Paperspace is a cloud computing service that gives you access to powerful machines for running/training models. Gradient is a project management platform provided by Paperspace. We can use it to easily deploy deep learning models. The folders listed in the previous section can each be considered a Gradient Project. A Gradient Project is a workspace for you to run Experiments and Jobs, store Artifacts (such as models and code), and manage Deployments (deployed models). We will be creating StandAlone Projects exclusively (vs. using the GradientCI project framework).
Experiments are used to train machine learning models. When you run an Experiment within Gradient, a job is created and executed. Jobs are designed for executing code (such as training a deep neural network) on a CPU or GPU without managing any infrastructure. You can run multiple jobs within a single experiment.
A Job consists of a collection of files (code, resources, etc.) from your local computer or GitHub, a container (with code dependencies and packages pre-installed), and a command to execute (i.e. python main.py). It is recommended to use the Gradient Experiment builder to run jobs. A step-by-step tutorial on how to use this feature is given below.

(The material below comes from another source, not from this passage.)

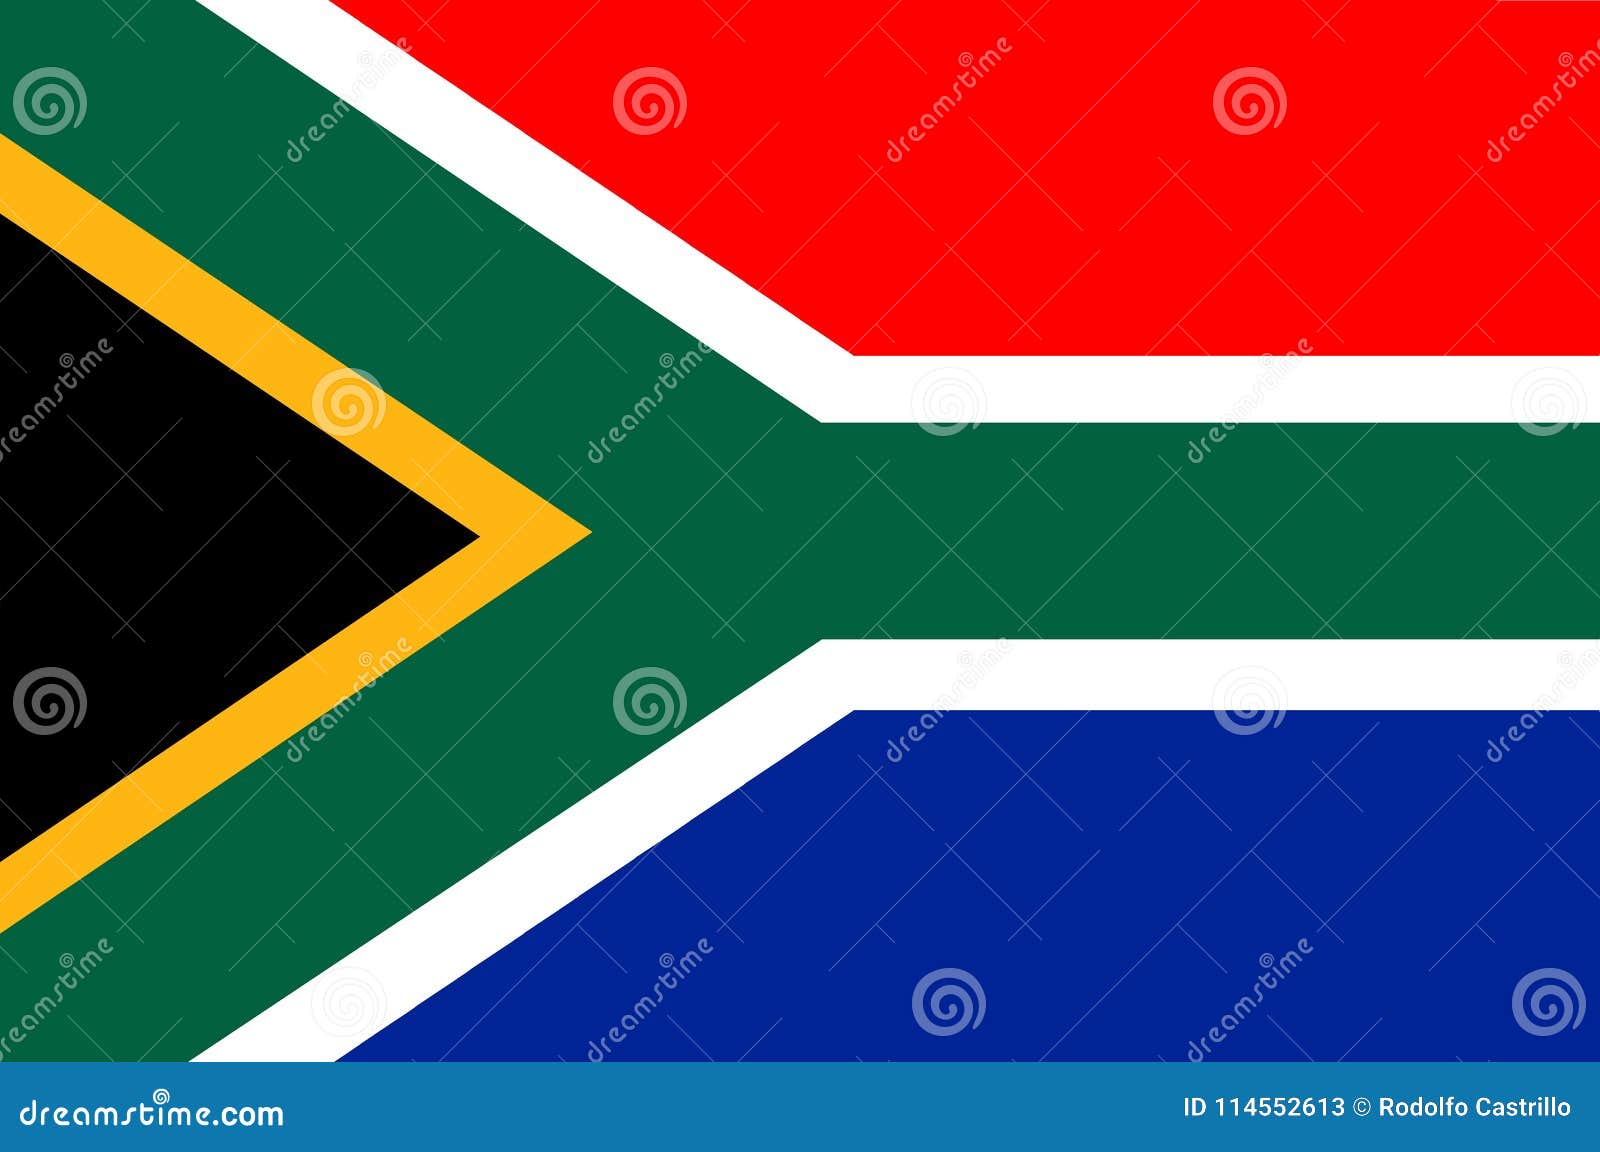 the flag of south africa 2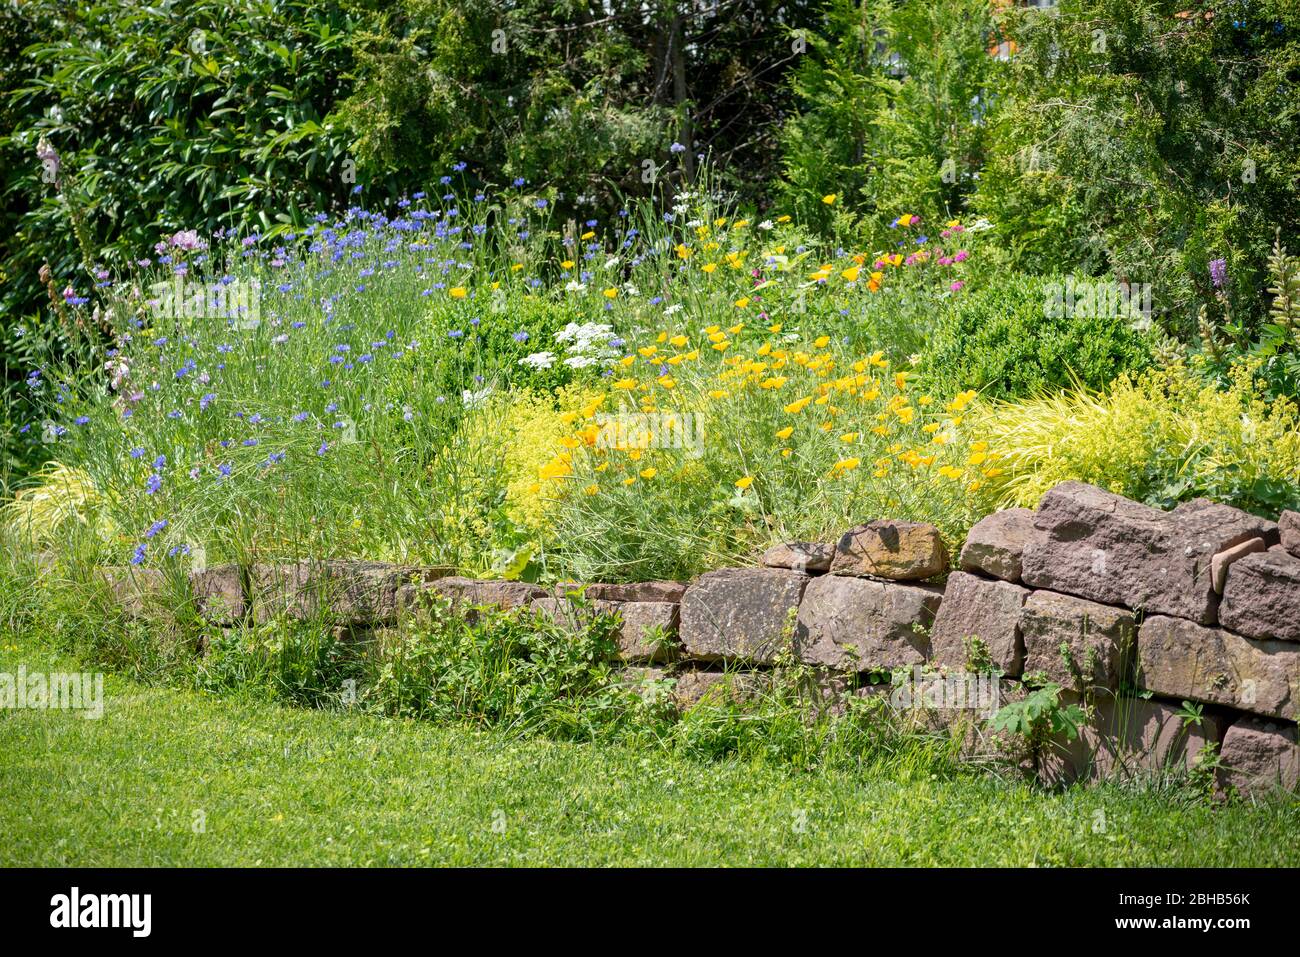 Garden with colorful ornamental flowers, flower meadow. Stock Photo

Paperspace also has several ways in which you can store your code, dataset, and model outputs (e.g., network weights, output images, accuracy metrics, etc). The first, called Persistent storage, is a persistent filesystem automatically mounted on every Experiment, Job, and Notebook and is ideal for storing data like images, datasets, model checkpoints, and more. Anything you store in /storage
directory will be persistently stored in a given storage region (e.g., East vs. west coast storage).
The second, called Workspace storage, is typically imported from the local directory in which you started your job. The contents of that directory are zipped up and uploaded to the container in which your job runs. The Workspace exists for the duration of the job run.
The third, called Artifact storage, is collected and made available after the Experiment or Job run is completed. You can download any files that your job has placed in the /artifacts directory from the web UI. If you need to get result data, such as images, from a job run out of Gradient, use the Artifacts directory. Note that the total of Artifact storage cannot exceed ~200 GB. If you find you need more space, then it is recommended to use Persistent storage.